Literate webserver in assembler

Minimal x86_64 Linux-only file webserver written in assembly language. This page is literate program with all service source code. Project repository and build instructions.

Warning: server is not intented for production use. It may and will wreck you stuff.

Overview

Servasm is forking server, each request is processed in separate process. This is how it was done in Mesozoic Era (except we use sendfile(2), which wasn't invented then). And this allows us to make things stupidly simple and take as much leverage from Kernel as possible. We aim for ~1kloc of assembly with comments and spaces.

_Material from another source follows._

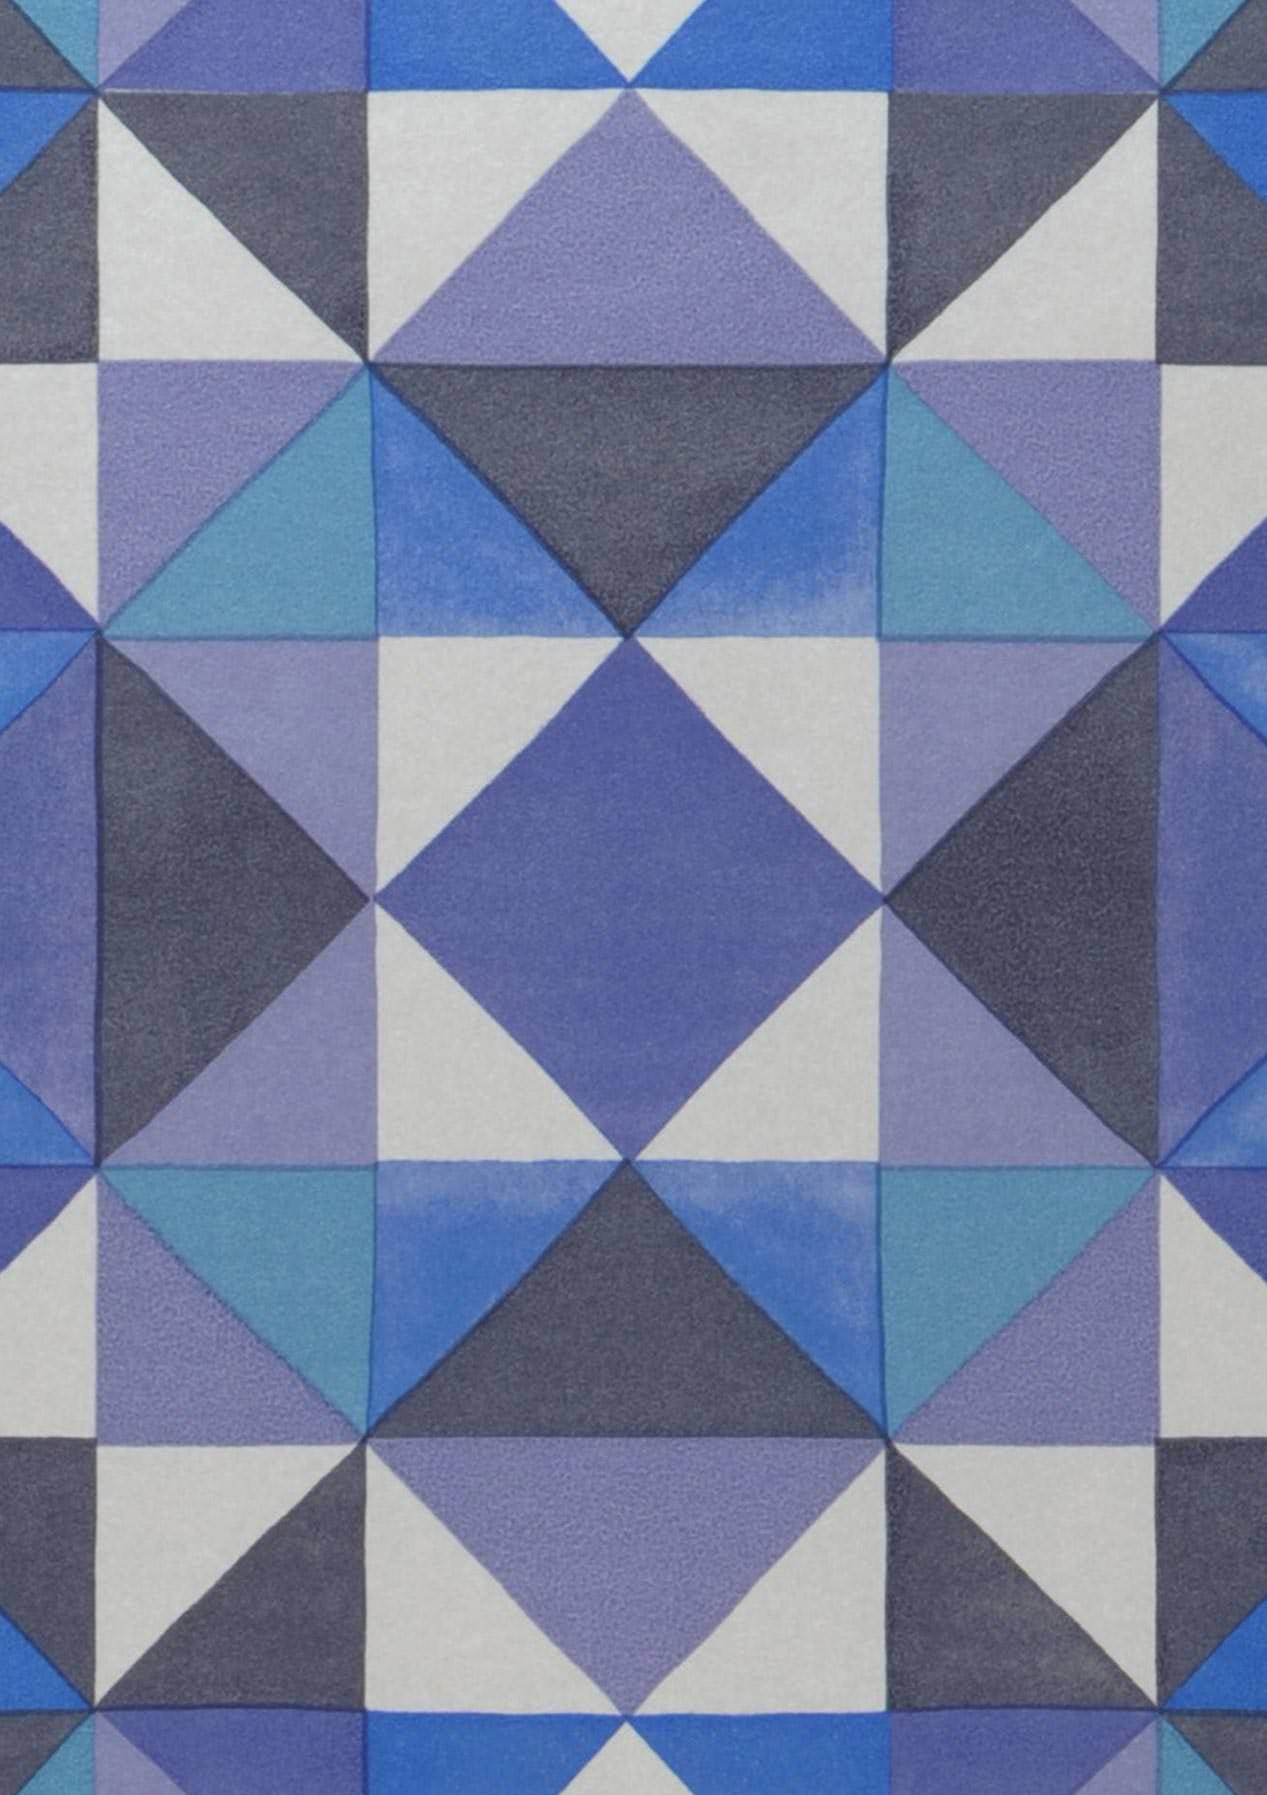 tapete sirius blau cremeweiss perlbrombeer schwarzblau

Main process setups listing socket with few system calls:

socket(2)bind(2)listen(2)

Then main process loops on accept(2) system call. For each request it fork(2)s main process and processes request there:.

  1. set alarm(2) to drop very slow clients
  2. recv(2) request headers
  3. check that request is valid (only GET requests are supported)
  4. open(2) requested file
  5. get its size with fstat(2).
  6. write(2) response headers
  7. let kernel send rest with sendfile(2)
  8. close(2) socket and file
  9. exit(2) child

In a case of error we exit process with passing system call result as exit code.

Reference material

Constants

Data section keeps all static constants that we might need during server lifetime.

section .data

We are going to use IPv4 and TCP as our transport.

pf_inet:     equ 2
sock_stream: equ 1

Our server binds to 0.0.0.0:8080 interface. 0.0.0.0 is special ip address that will map to all interfaces on user machine.

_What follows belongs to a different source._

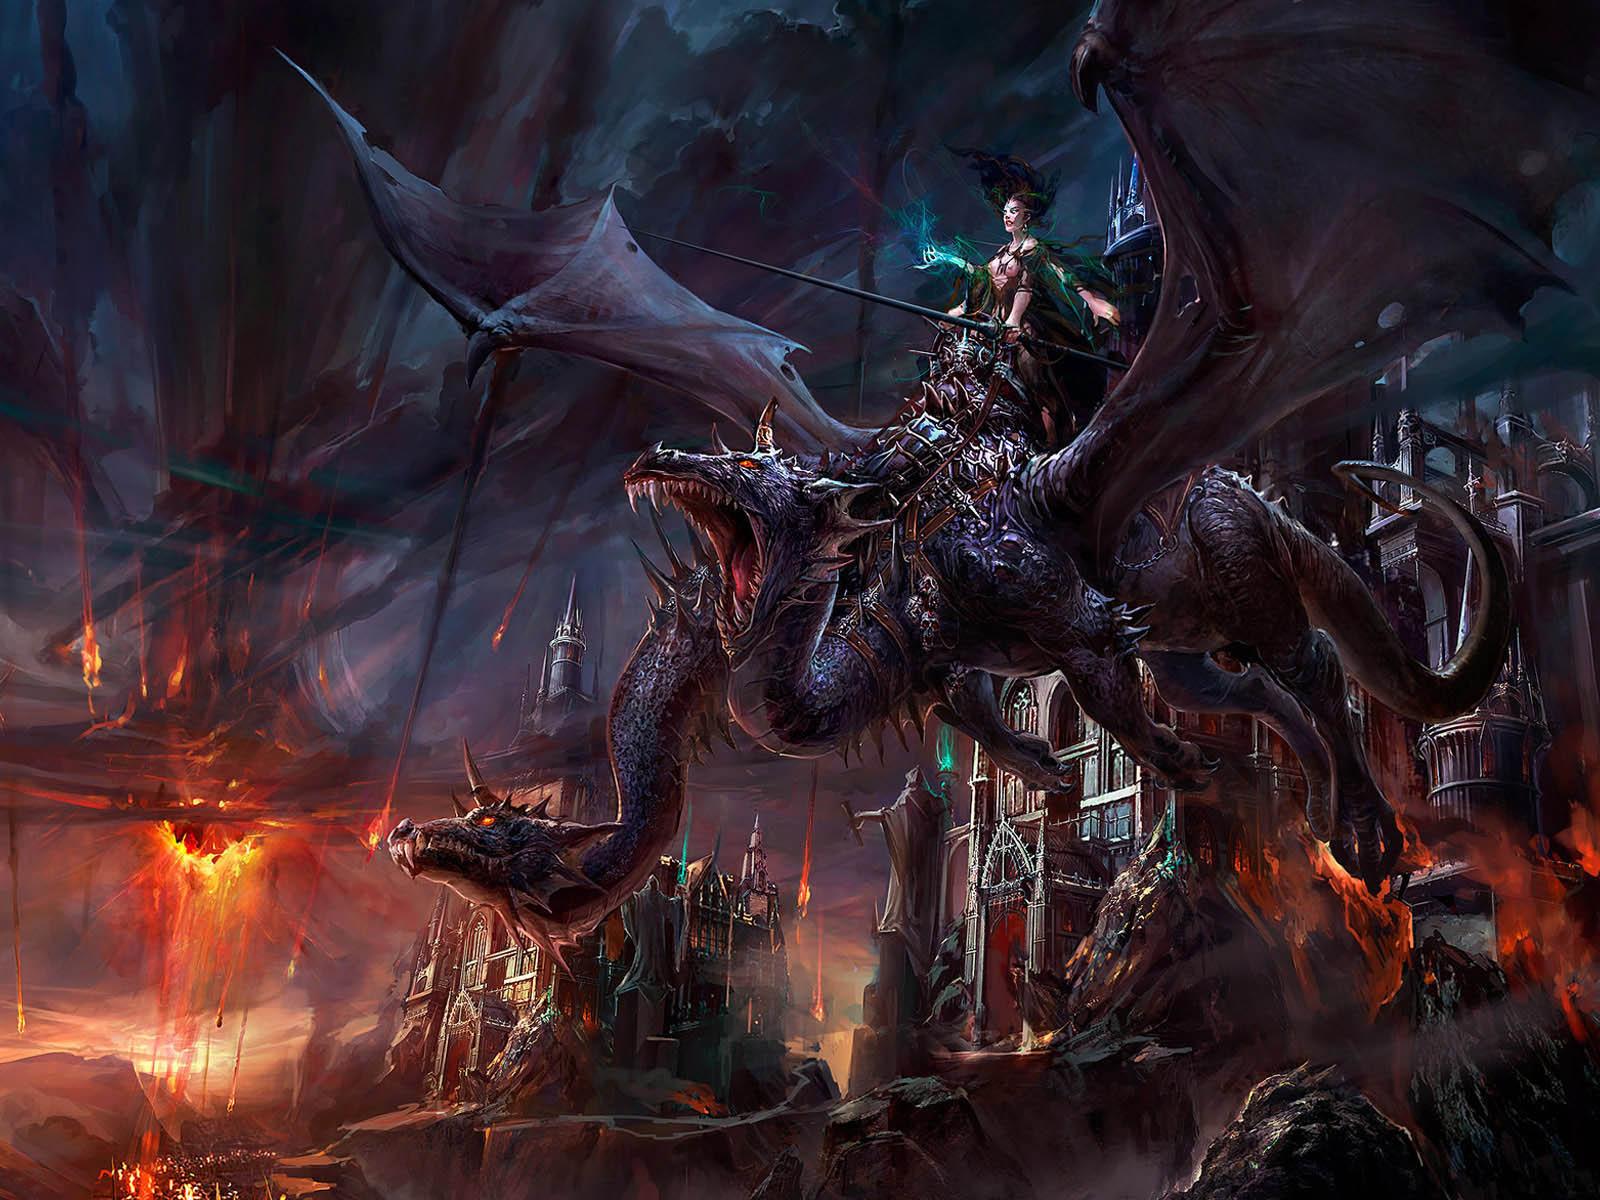 http://www.zastavki.com/pictures/1600x1200/2008/Drawn_wallpapers_Two_heads_dragon_007283_.jpg

sockaddr:    db 0x02, 0x00             ;; AFINET
db 0x1f, 0x90             ;; PORT 8080
db 0x00, 0x00, 0x00, 0x00 ;; IP 0.0.0.0
addr_len:    equ 128

Requests timeout in 15 second.

request_timeout:   equ 15

Backlog is number of incoming request that kernel will buffer for us, untill we accept(2) them. We set it to 128.

backlog:     equ 128

And we are going to use TCP_CORK option (more on it later)

sol_tcp:     equ 6
tcp_cork:    equ 3
on_state:    db  0x01

We store strings as pair of their content and their length following right after message. $ points to current memory address, so current address - start of the string is its length.

startup_error_msg:     db "ERROR: Cannot start server", 10
startup_error_msg_len: equ $ - startup_error_msg

for incoming request we restrict path to be alphanumeric plus ./

url_whitelist:     db "abcdefghijklmnopqrstuvwxyz"
db "ABCDEFGHIJKLMNOPQRSTUVWXYZ0123456789./"
url_whitelist_len: equ $ - url_whitelist

Lookup tables.

Syscall table for x86-64. For reference look here.

sys_write:        equ 1
sys_open:         equ 2
sys_close:        equ 3
sys_fstat:        equ 5
sys_alarm:        equ 37
sys_sendfile:     equ 40
sys_socket:       equ 41
sys_accept:       equ 43
sys_recv:         equ 45
sys_bind:         equ 49
sys_listen:       equ 50
sys_setsockopt:   equ 54
sys_fork:         equ 57
sys_exit:         equ 60
sys_waitid:       equ 247

We build response headers on stack. That means that we need to push strings from last one, for example to build header:

HTTP/1.0 200 OK\r\n
Server: servasm\r\n
Content-type: text/html; charset=UTF-8\r\n
Content-Length: 42\r\n

We will push \n\r24 :htgneL-tnetnoC\n\r8-FTU=tesrahc.... To make this easy we keep pointers to the end of string instead of beggining and use 0x00 byte to mark begining of the string.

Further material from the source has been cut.